PROBLEM -> Wherever a picture sits, omit it. Output the rest of the listing exactly.

DATA BLOCK ->
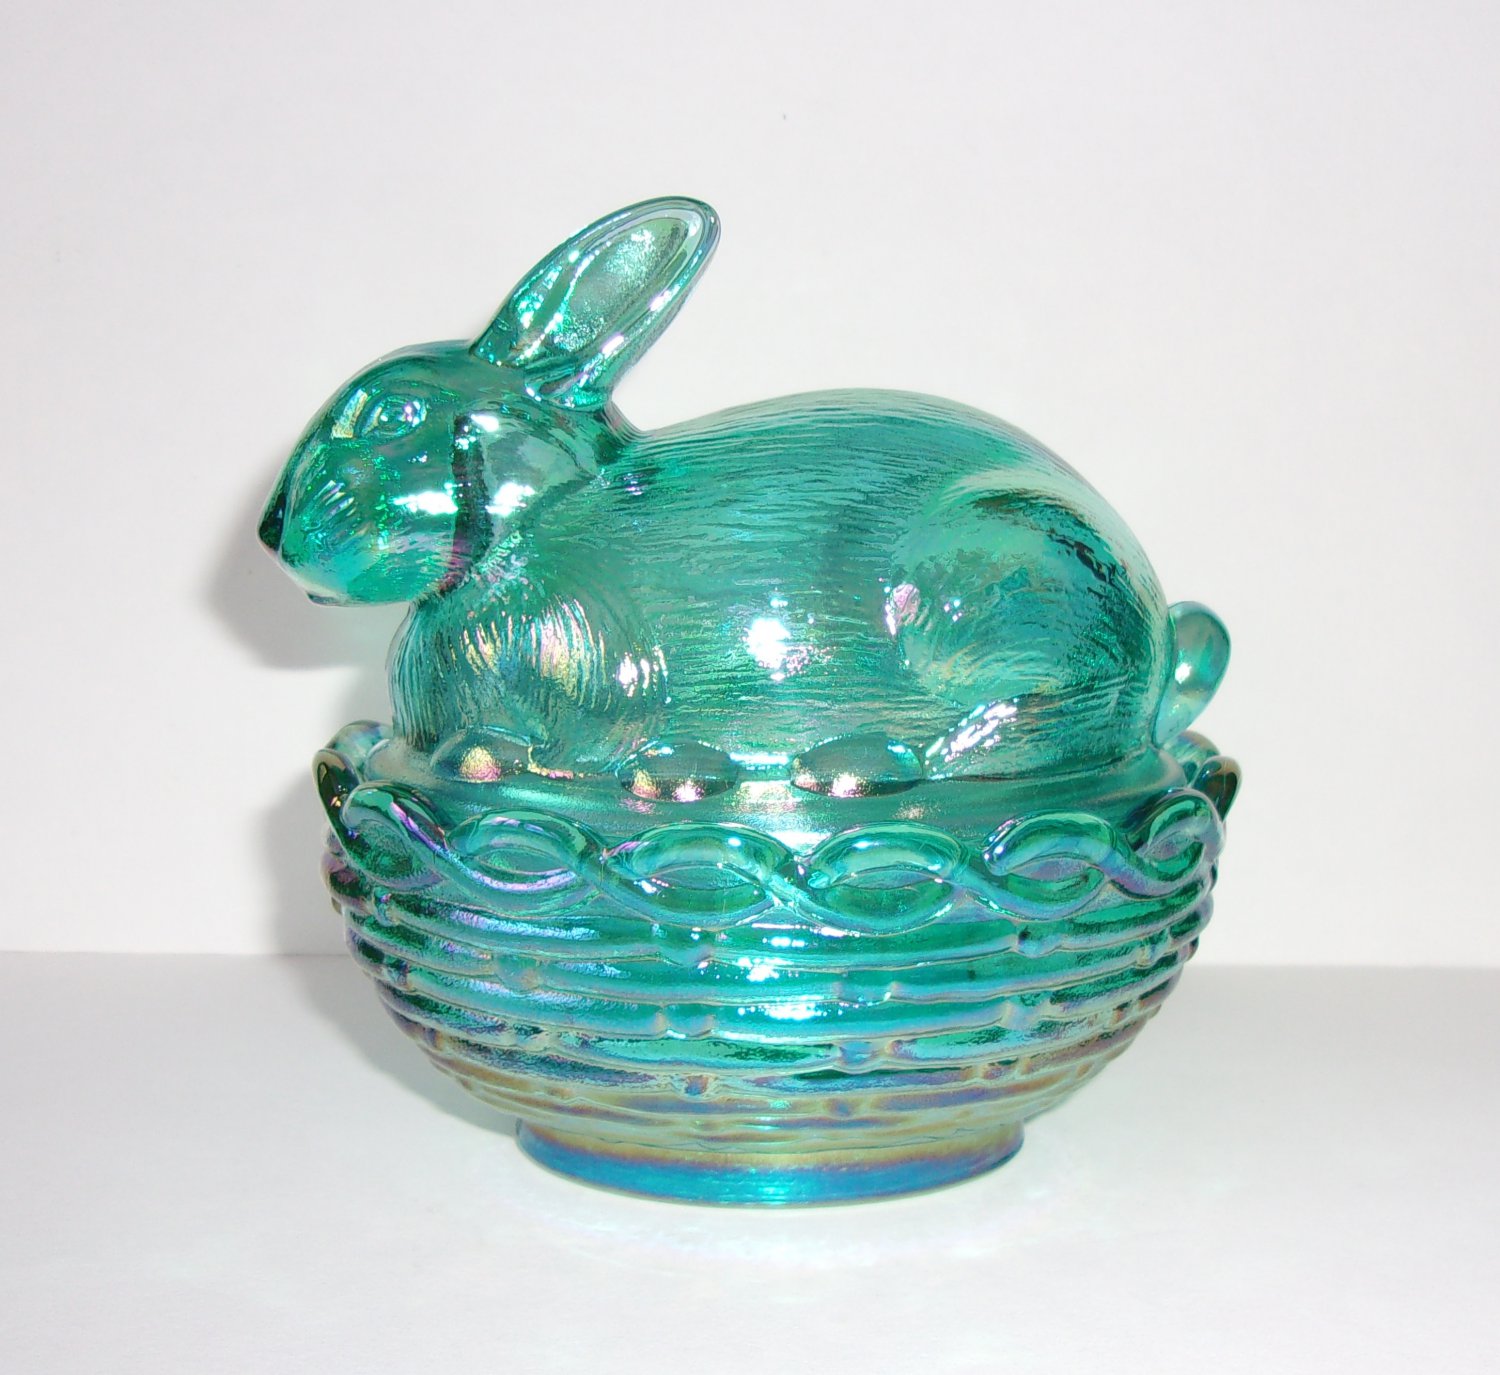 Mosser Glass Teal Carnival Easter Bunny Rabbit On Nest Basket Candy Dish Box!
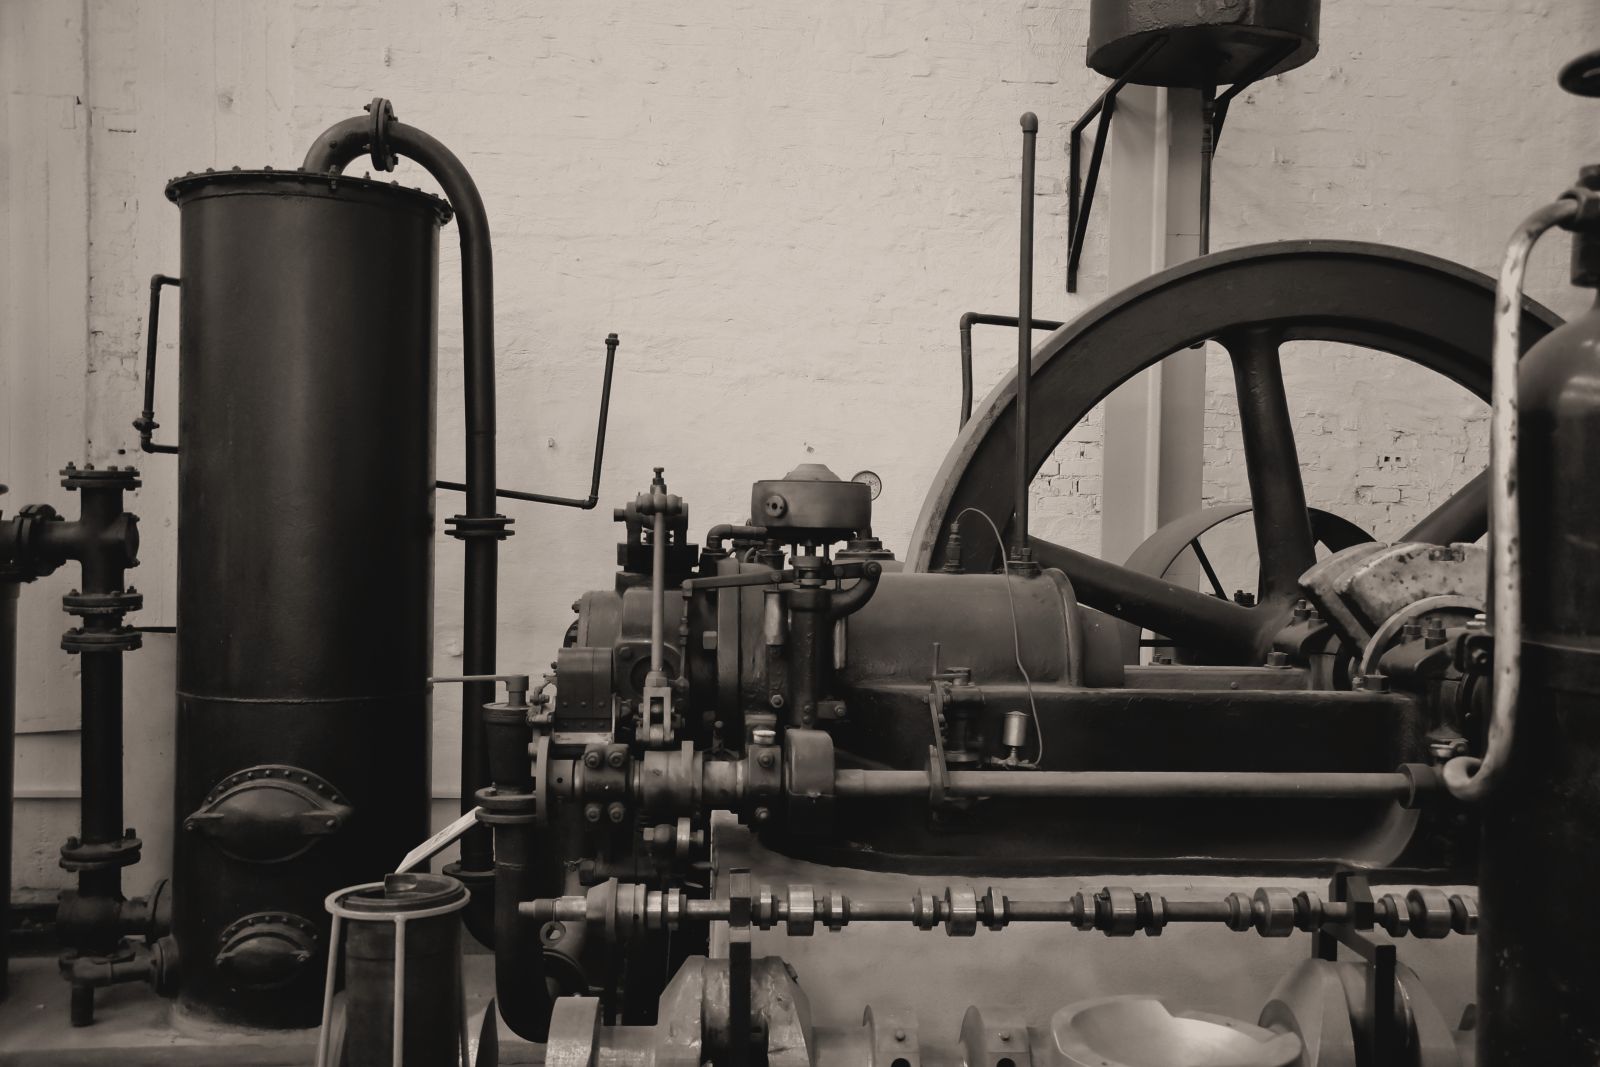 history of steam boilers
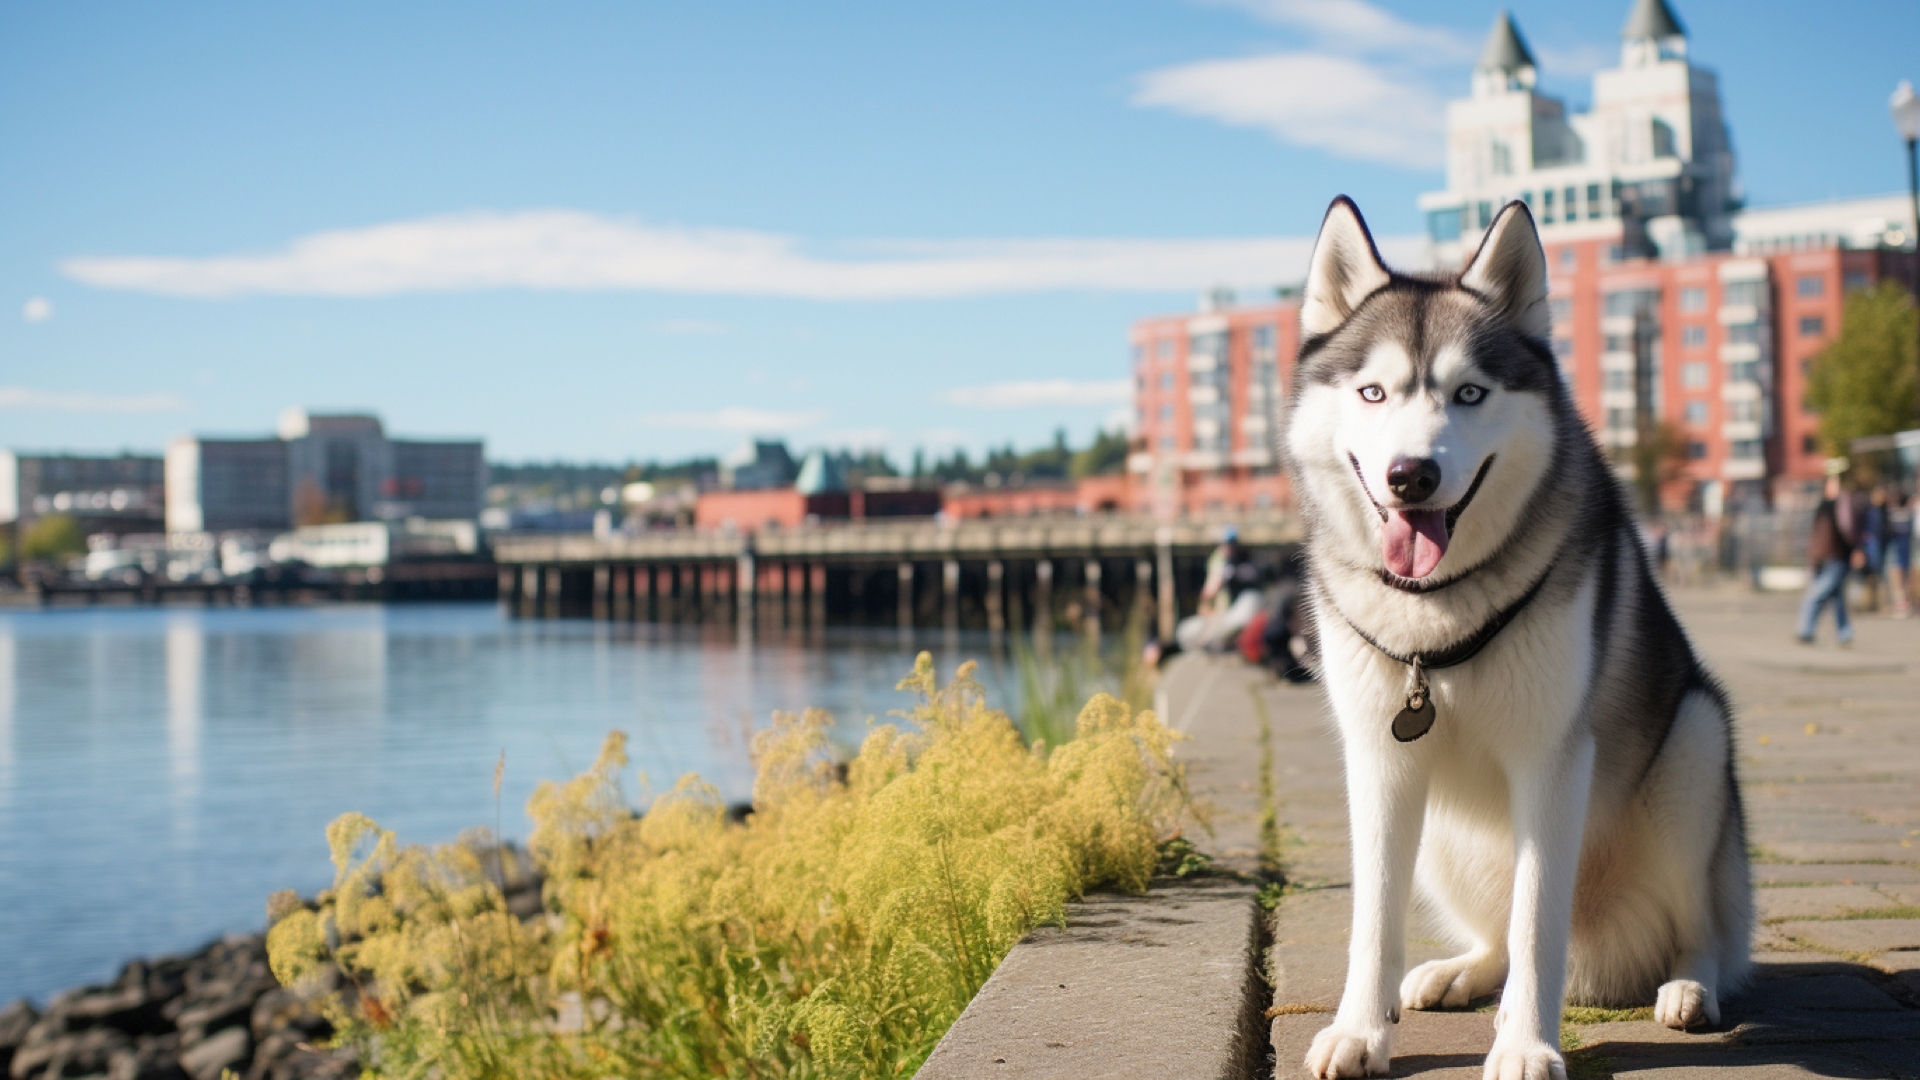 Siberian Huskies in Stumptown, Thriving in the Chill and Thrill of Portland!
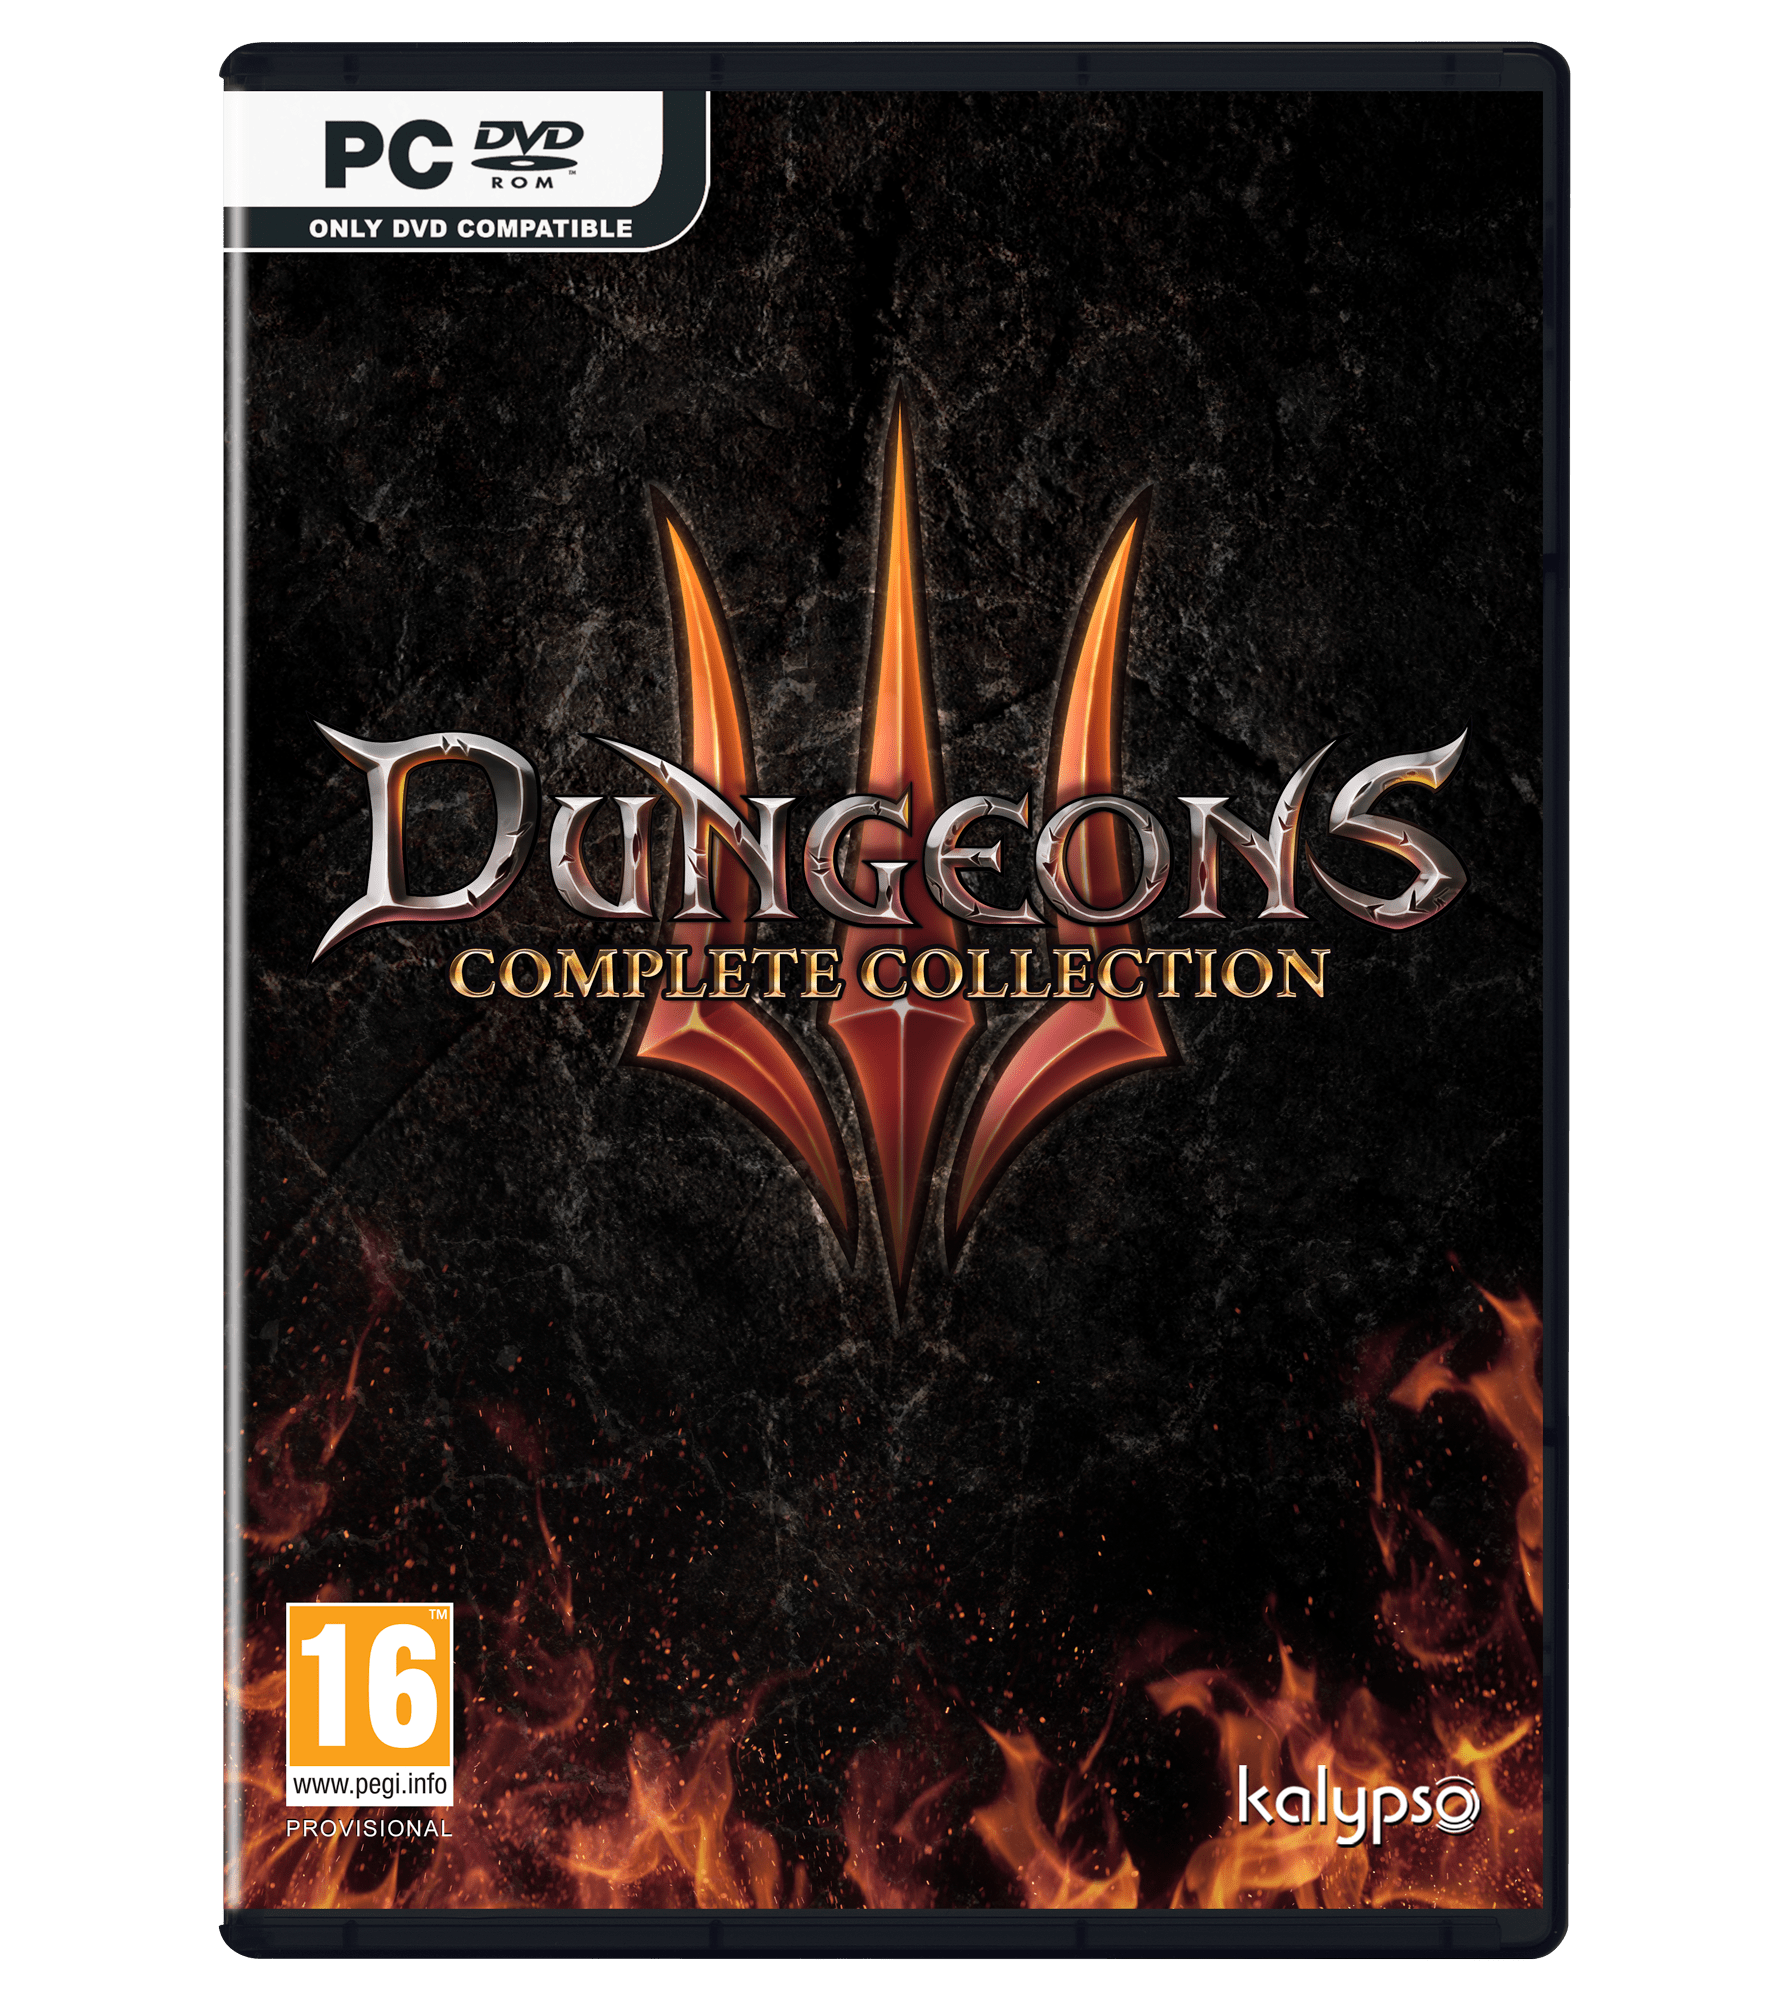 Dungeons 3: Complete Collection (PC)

EXPECTED OUTPUT ->
 Mosser Glass Teal Carnival Easter Bunny Rabbit On Nest Basket Candy Dish Box!
 history of steam boilers
 Siberian Huskies in Stumptown, Thriving in the Chill and Thrill of Portland!
 Dungeons 3: Complete Collection (PC)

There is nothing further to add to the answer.